→ TASK DESCRIPTION
Copy the data exactly. Images are the one exception.

→ DATA PROVIDED
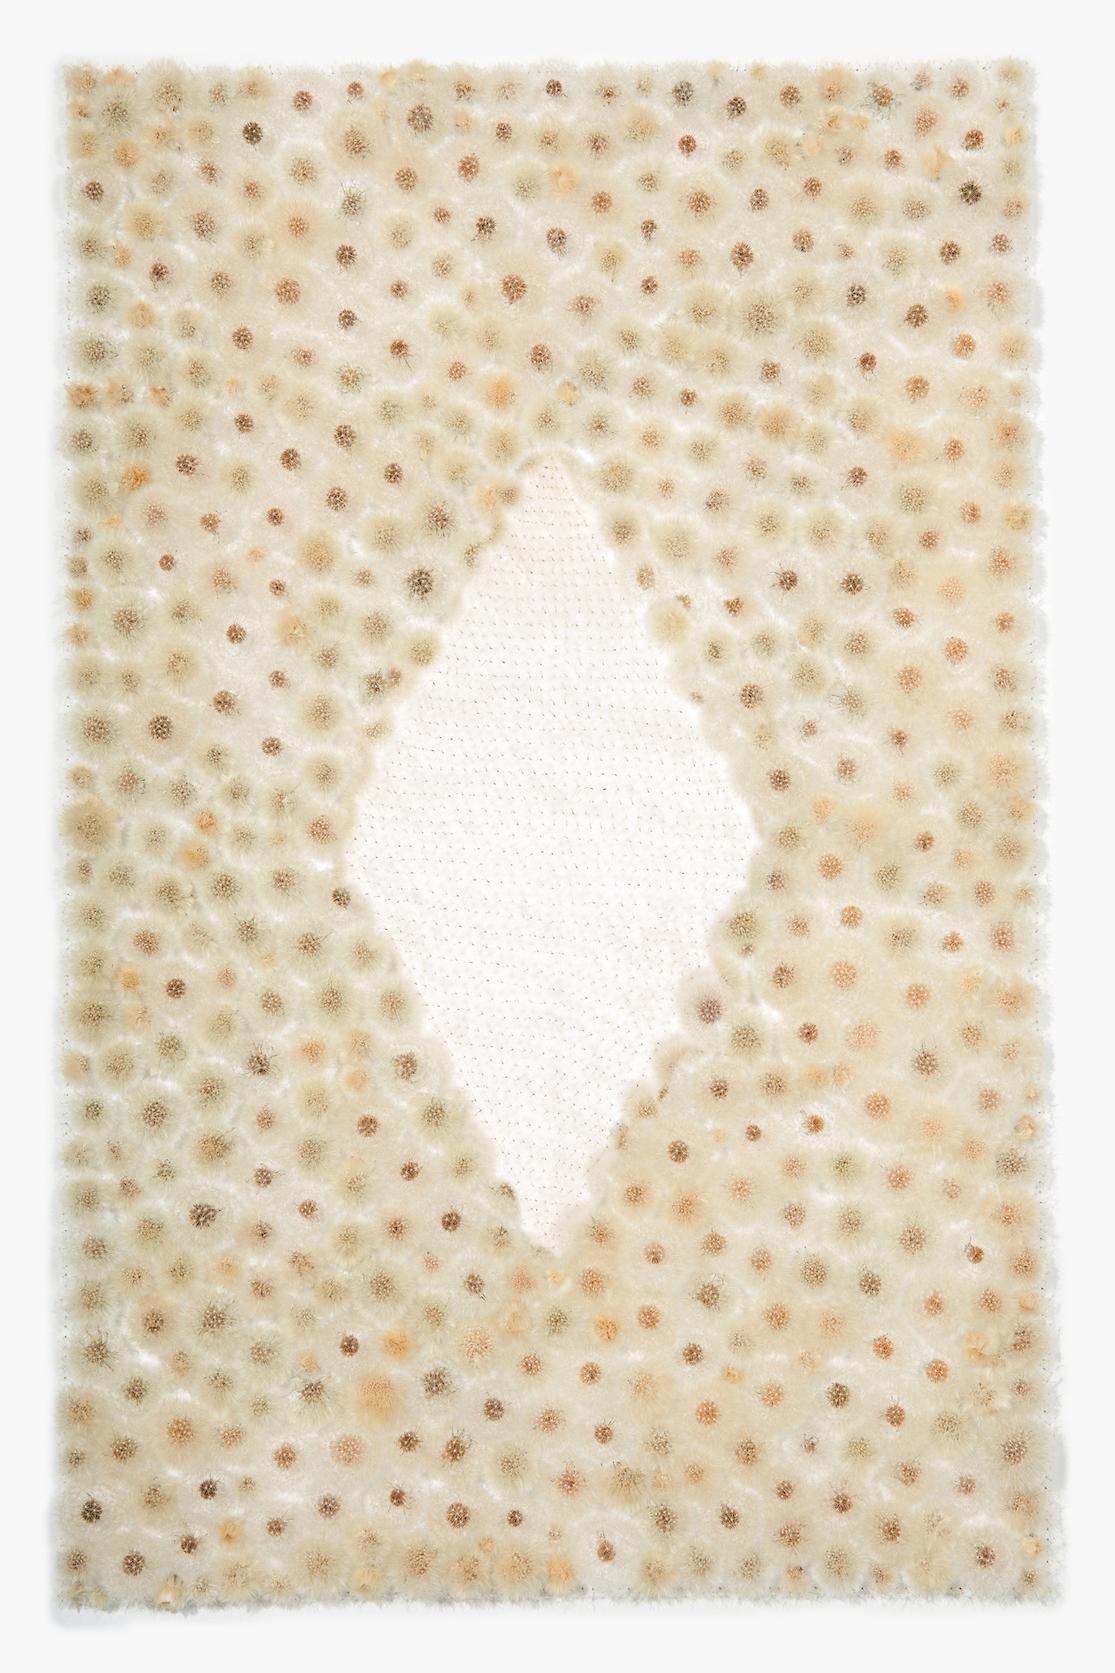 單色 #2  75 x 100 x 7 厘米
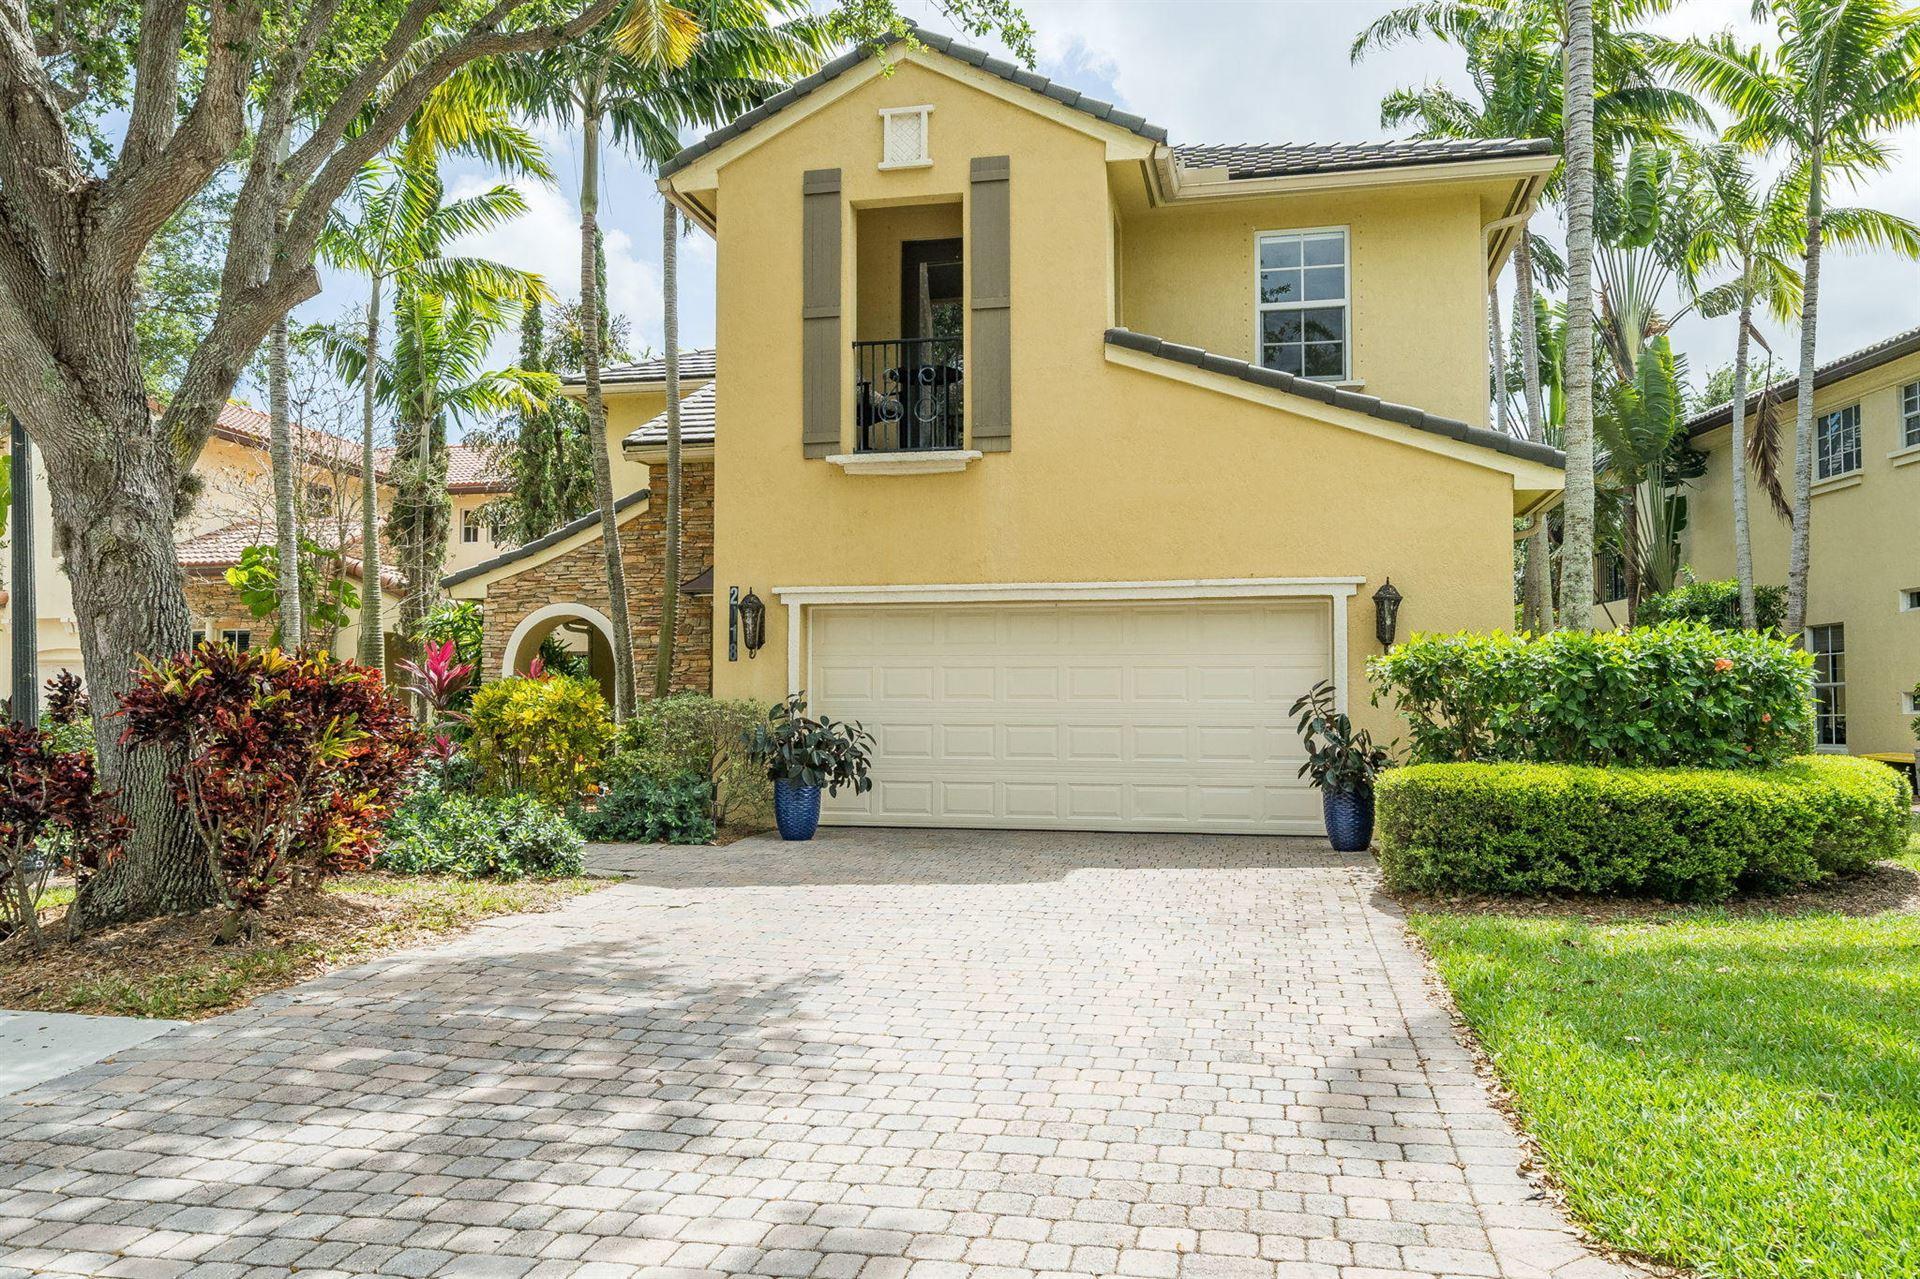 2018 Graden Drive, Palm Beach Gardens, FL 33410 - #: RX-10704572
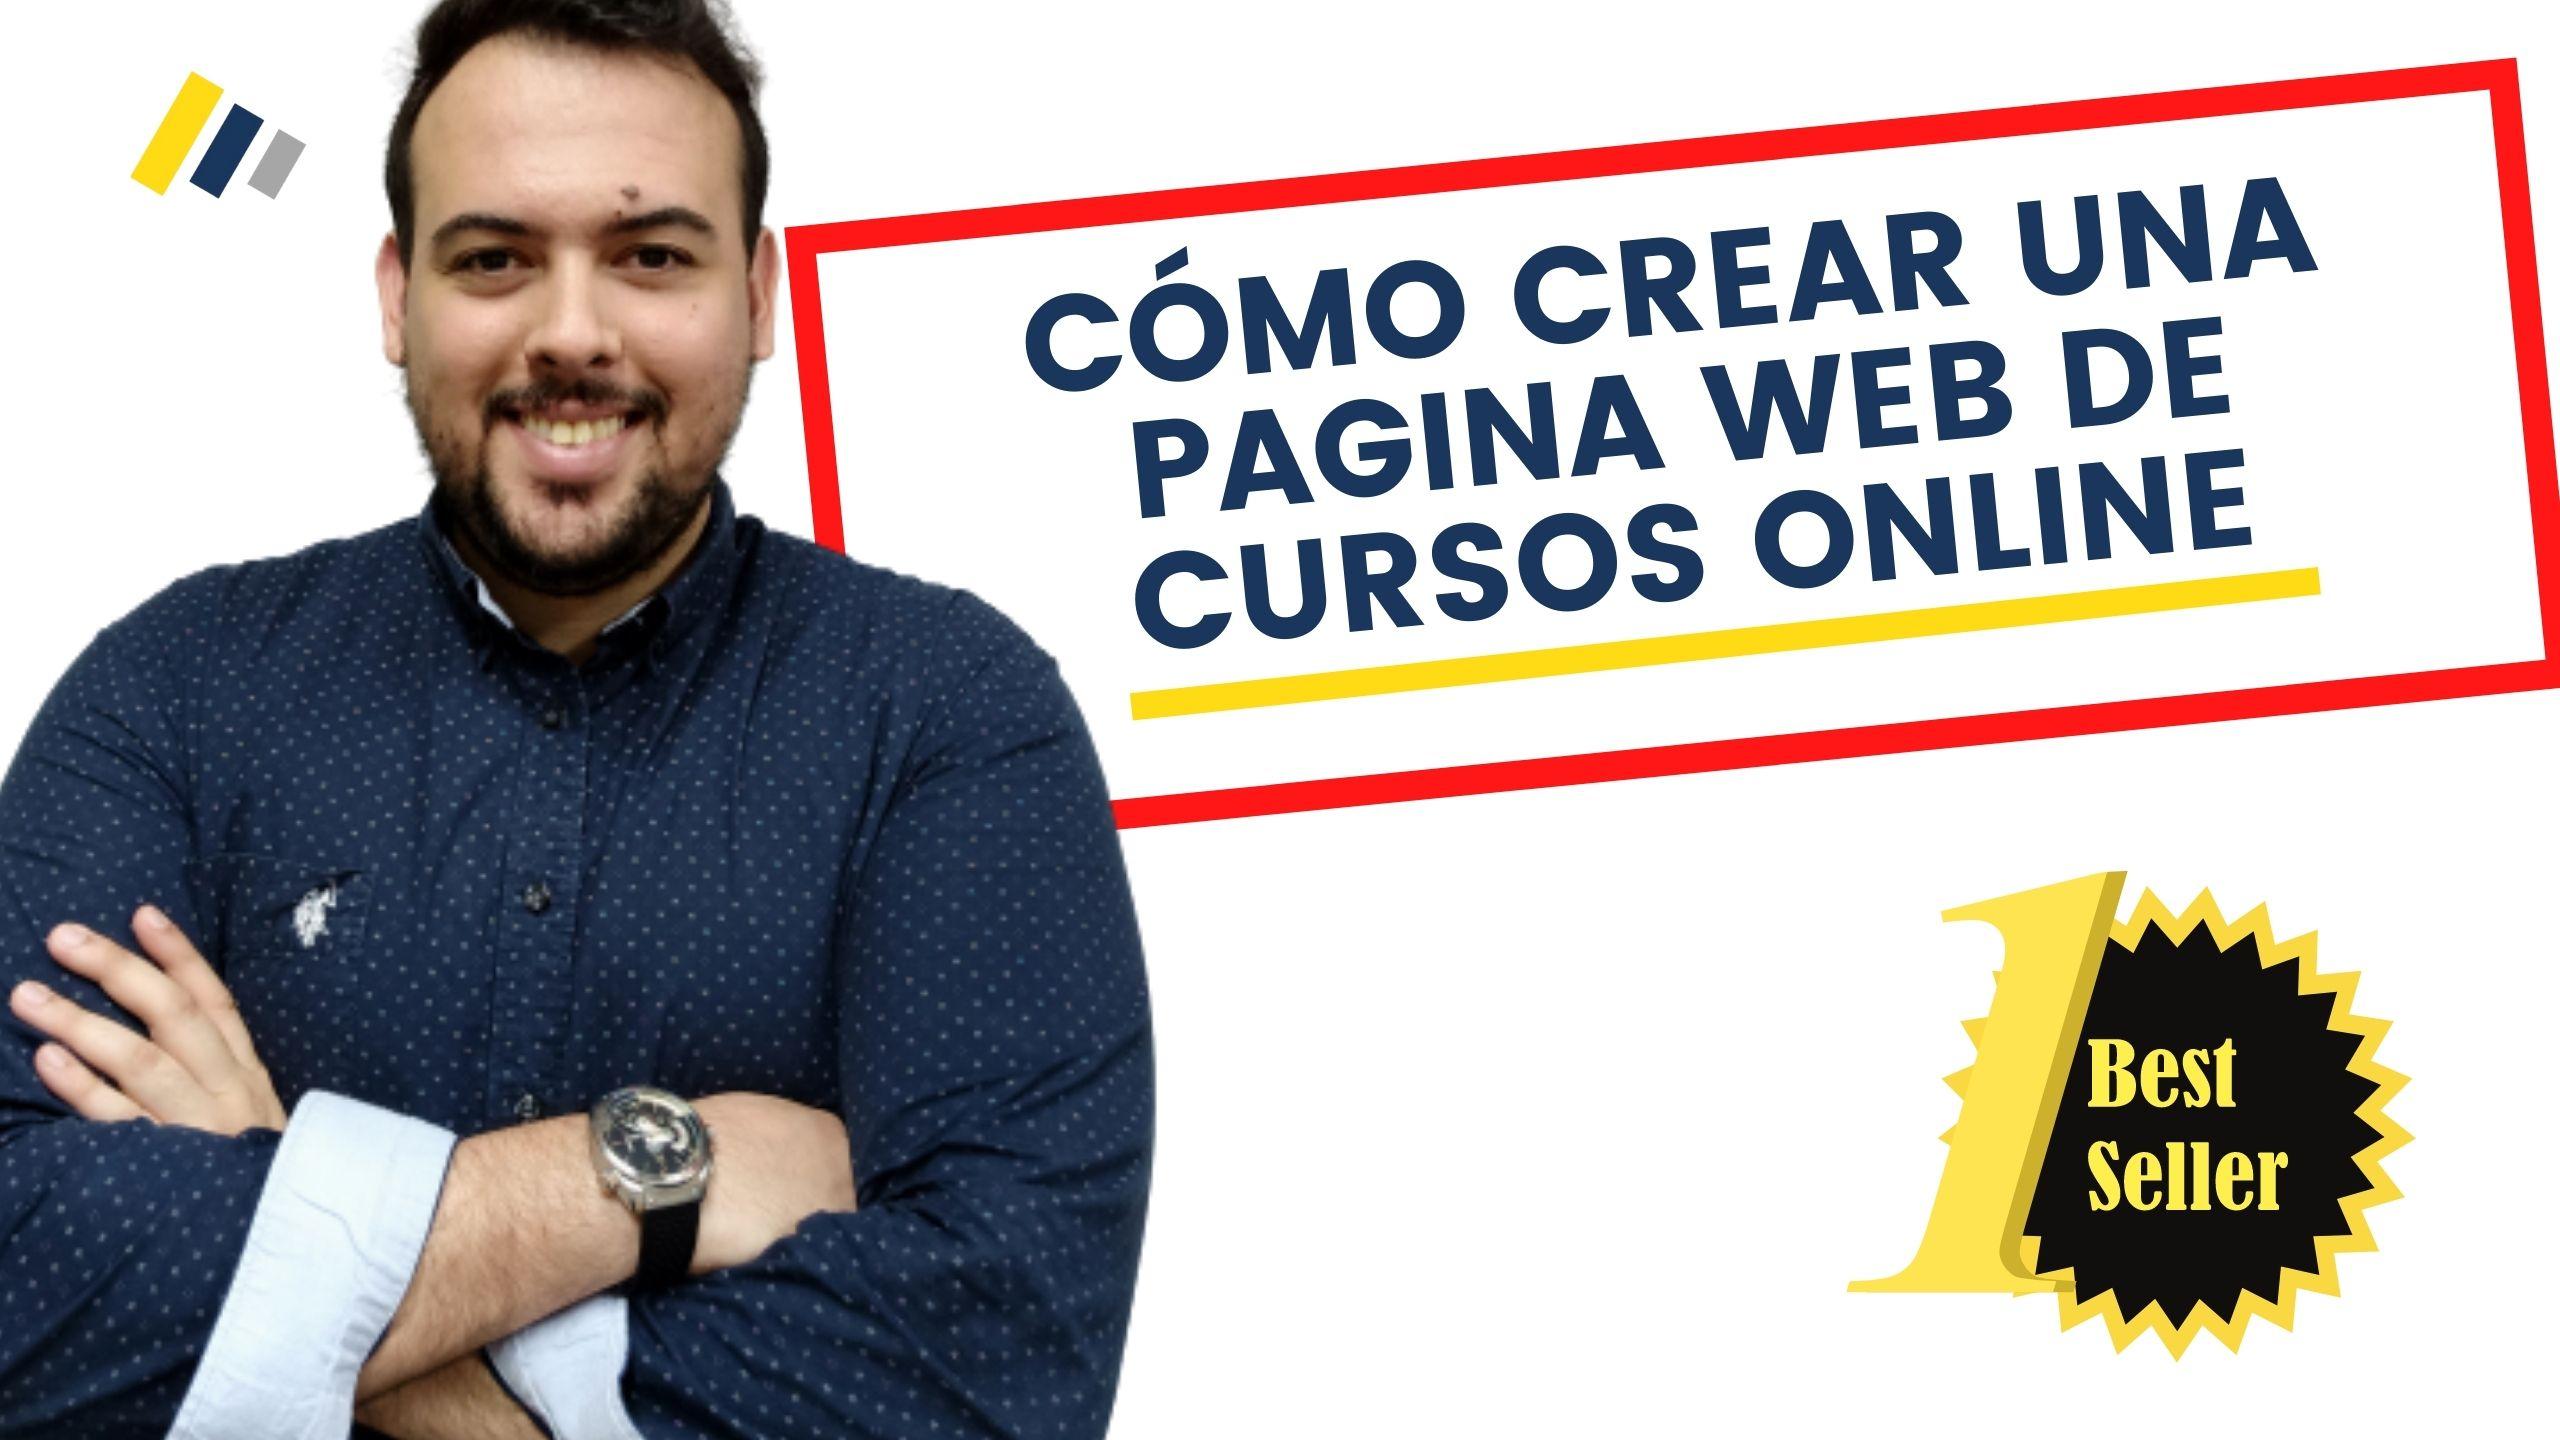 tutorial paso a paso de como crear un pagina web de cursos online con wordpress y learndash

→ RESPONSE AREA
 單色 #2  75 x 100 x 7 厘米
 2018 Graden Drive, Palm Beach Gardens, FL 33410 - #: RX-10704572
 tutorial paso a paso de como crear un pagina web de cursos online con wordpress y learndash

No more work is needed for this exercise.